16 F.R.D. 553, 1954 U.S. Dist. LEXIS 4310
CourtDistrict Court, D. Rhode Island
DecidedDecember 20, 1954
DocketCiv. No. 1019
StatusPublished
Cited by15 cases

This text of 16 F.R.D. 553 (Fli-Fab, Inc. v. United States) is published on Counsel Stack Legal Research, covering District Court, D. Rhode Island primary law. Counsel Stack provides free access to over 12 million legal documents including statutes, case law, regulations, and constitutions.

Bluebook
Fli-Fab, Inc. v. United States, 16 F.R.D. 553, 1954 U.S. Dist. LEXIS 4310 (D.R.I. 1954).

Opinion

DAY, District Judge.

This is an action to recover income and excess profits taxes alleged to have been illegally and erroneously assessed to and collected from the plaintiff taxpayer. It is before this Court upon the motion of the defendants for leave to amend their answer and upon the motion of the plaintiff for summary judgment. Each motion is opposed. In this action the plaintiff seeks to recover income and excess profits taxes amounting to $487,416.24 paid on its net income for the fiscal years ending June 30,1942, June 30,1943, June 30,1945 and June 30,1946, together with interest thereon. The complaint was served on June 22,1949.

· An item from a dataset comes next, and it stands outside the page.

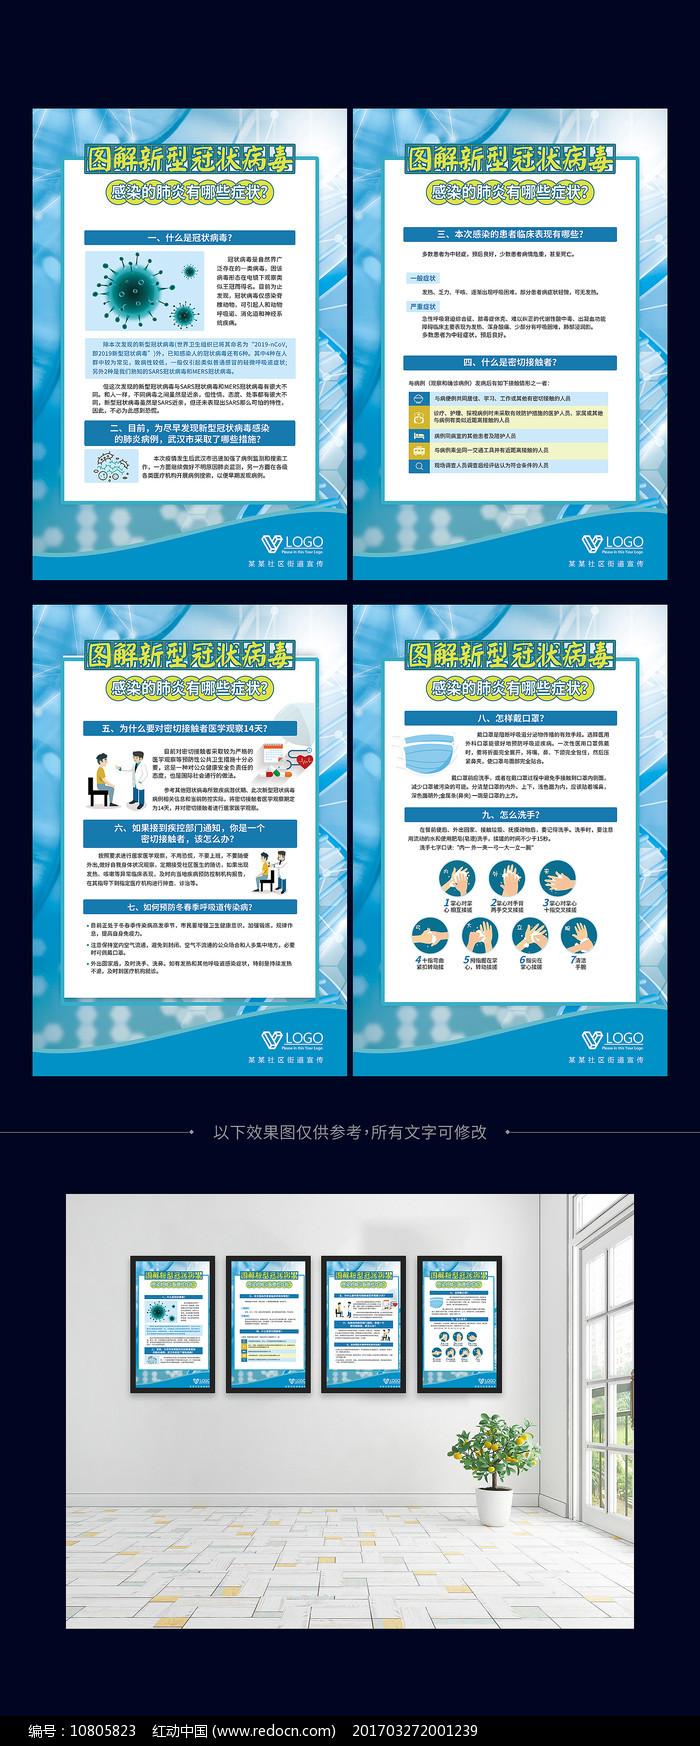 图解新型冠状病毒海报展板设计图片

In substance, the complaint alleges that on June 3, 1944 plaintiff sold its plant and other assets to Mills, Inc., a Maryland corporation, at a loss of $1,-001,319.98; that the plaintiff claimed and the Commissioner of Internal Revenue allowed that amount as an ordinary loss deductible in full from gross income in determining plaintiff’s net income for the fiscal year ending June 30,1944. The complaint also alleges that on June 30, 1944, the plaintiff sold to one Andrew L. Winslow, Jr., as trustee of M.I.T. Trust, a promissory note in the face amount of $300,000 for $200,000 which the plaintiff had received on June 3, 1944 in part payment of the purchase price for the aforesaid sale of its plant and other assets to Mills, Inc. on June 3,1944, and that it realized a short term capital loss of $100,000 on the sale of said note which it claimed in its tax return for the fiscal year ending June 30, 1944, but that said short term capital loss was disallowed in full by the Commissioner. The complaint further alleges that excluding net capital gains or losses, plaintiff's allowable deductions for said fiscal year exceeded its gross income for said year by $447,945.30 which amount constituted a net operating loss under the provisions of Section 122(a), Internal Revenue Code of 1939, 26 U.S.C.A., and that it was entitled to carry back said operating loss to the years 1942 and 1943 under the provisions of Section 122(b), Internal Revenue Code. It also alleges that the plaintiff had an unused excess profits credit of $245,525.81 for the year 1944 which it was entitled to carry over to the years 1945 and 1946 under the provisions of Section 710(c), Internal Revenue Code.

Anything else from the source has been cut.